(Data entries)
┌──

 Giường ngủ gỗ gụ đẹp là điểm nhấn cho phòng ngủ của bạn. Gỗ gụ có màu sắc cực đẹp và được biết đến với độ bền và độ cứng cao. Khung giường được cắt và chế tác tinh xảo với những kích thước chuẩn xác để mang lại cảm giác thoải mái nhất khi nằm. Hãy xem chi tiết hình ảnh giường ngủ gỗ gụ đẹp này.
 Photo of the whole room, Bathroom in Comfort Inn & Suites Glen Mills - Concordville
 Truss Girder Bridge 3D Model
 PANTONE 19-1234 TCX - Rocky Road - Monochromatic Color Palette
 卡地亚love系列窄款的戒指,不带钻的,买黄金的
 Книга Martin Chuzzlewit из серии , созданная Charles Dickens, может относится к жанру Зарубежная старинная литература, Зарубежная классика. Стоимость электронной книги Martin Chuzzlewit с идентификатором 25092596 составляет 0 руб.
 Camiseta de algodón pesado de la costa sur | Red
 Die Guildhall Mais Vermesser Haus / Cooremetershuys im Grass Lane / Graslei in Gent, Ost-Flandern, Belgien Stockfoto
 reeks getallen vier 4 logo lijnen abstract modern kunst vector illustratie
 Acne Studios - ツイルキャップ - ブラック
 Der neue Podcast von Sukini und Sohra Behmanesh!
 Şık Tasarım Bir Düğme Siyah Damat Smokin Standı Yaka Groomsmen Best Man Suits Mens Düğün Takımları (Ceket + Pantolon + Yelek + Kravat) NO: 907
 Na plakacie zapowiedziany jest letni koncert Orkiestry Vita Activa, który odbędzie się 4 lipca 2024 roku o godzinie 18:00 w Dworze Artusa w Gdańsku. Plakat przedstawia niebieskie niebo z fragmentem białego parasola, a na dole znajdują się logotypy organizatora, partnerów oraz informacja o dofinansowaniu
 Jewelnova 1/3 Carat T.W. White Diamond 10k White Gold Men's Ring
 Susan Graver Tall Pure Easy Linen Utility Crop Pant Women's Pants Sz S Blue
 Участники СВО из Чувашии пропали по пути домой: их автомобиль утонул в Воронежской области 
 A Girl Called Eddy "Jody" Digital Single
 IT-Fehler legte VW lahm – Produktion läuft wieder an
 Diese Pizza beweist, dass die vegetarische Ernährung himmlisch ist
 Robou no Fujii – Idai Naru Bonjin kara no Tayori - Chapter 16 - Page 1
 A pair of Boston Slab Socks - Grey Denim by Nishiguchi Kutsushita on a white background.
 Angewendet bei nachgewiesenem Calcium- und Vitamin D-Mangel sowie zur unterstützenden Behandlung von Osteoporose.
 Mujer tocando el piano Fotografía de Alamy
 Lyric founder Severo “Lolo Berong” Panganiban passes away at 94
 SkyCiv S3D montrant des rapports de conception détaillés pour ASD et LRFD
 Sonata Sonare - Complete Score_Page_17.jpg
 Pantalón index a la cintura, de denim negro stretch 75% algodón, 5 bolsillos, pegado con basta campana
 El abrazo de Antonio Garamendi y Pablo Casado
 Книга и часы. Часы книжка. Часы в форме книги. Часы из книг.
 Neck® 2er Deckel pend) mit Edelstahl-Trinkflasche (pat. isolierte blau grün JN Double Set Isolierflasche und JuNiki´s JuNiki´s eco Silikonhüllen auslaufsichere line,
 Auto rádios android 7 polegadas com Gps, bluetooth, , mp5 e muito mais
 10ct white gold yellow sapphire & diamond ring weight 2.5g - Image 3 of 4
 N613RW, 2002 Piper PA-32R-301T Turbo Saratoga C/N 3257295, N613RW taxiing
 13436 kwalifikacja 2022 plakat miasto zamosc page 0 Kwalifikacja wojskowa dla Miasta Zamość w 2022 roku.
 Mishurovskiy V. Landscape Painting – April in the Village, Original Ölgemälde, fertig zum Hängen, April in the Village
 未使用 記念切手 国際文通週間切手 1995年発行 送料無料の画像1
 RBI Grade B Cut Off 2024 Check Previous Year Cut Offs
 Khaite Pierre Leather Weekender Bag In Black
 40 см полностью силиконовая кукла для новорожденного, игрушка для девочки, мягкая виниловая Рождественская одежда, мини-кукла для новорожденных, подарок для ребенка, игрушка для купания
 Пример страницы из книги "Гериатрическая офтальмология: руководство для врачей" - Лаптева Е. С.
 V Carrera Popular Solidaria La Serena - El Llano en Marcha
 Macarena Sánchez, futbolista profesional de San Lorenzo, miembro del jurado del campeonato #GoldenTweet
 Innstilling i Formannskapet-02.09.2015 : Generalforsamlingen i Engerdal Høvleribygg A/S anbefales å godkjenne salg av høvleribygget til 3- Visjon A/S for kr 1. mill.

└──

PROBLEM TO WORK ON: Which lines in the data above hold the string "algodón"? Return each of them.

FINISHED EXERCISE:
 Camiseta de algodón pesado de la costa sur | Red
 Pantalón index a la cintura, de denim negro stretch 75% algodón, 5 bolsillos, pegado con basta campana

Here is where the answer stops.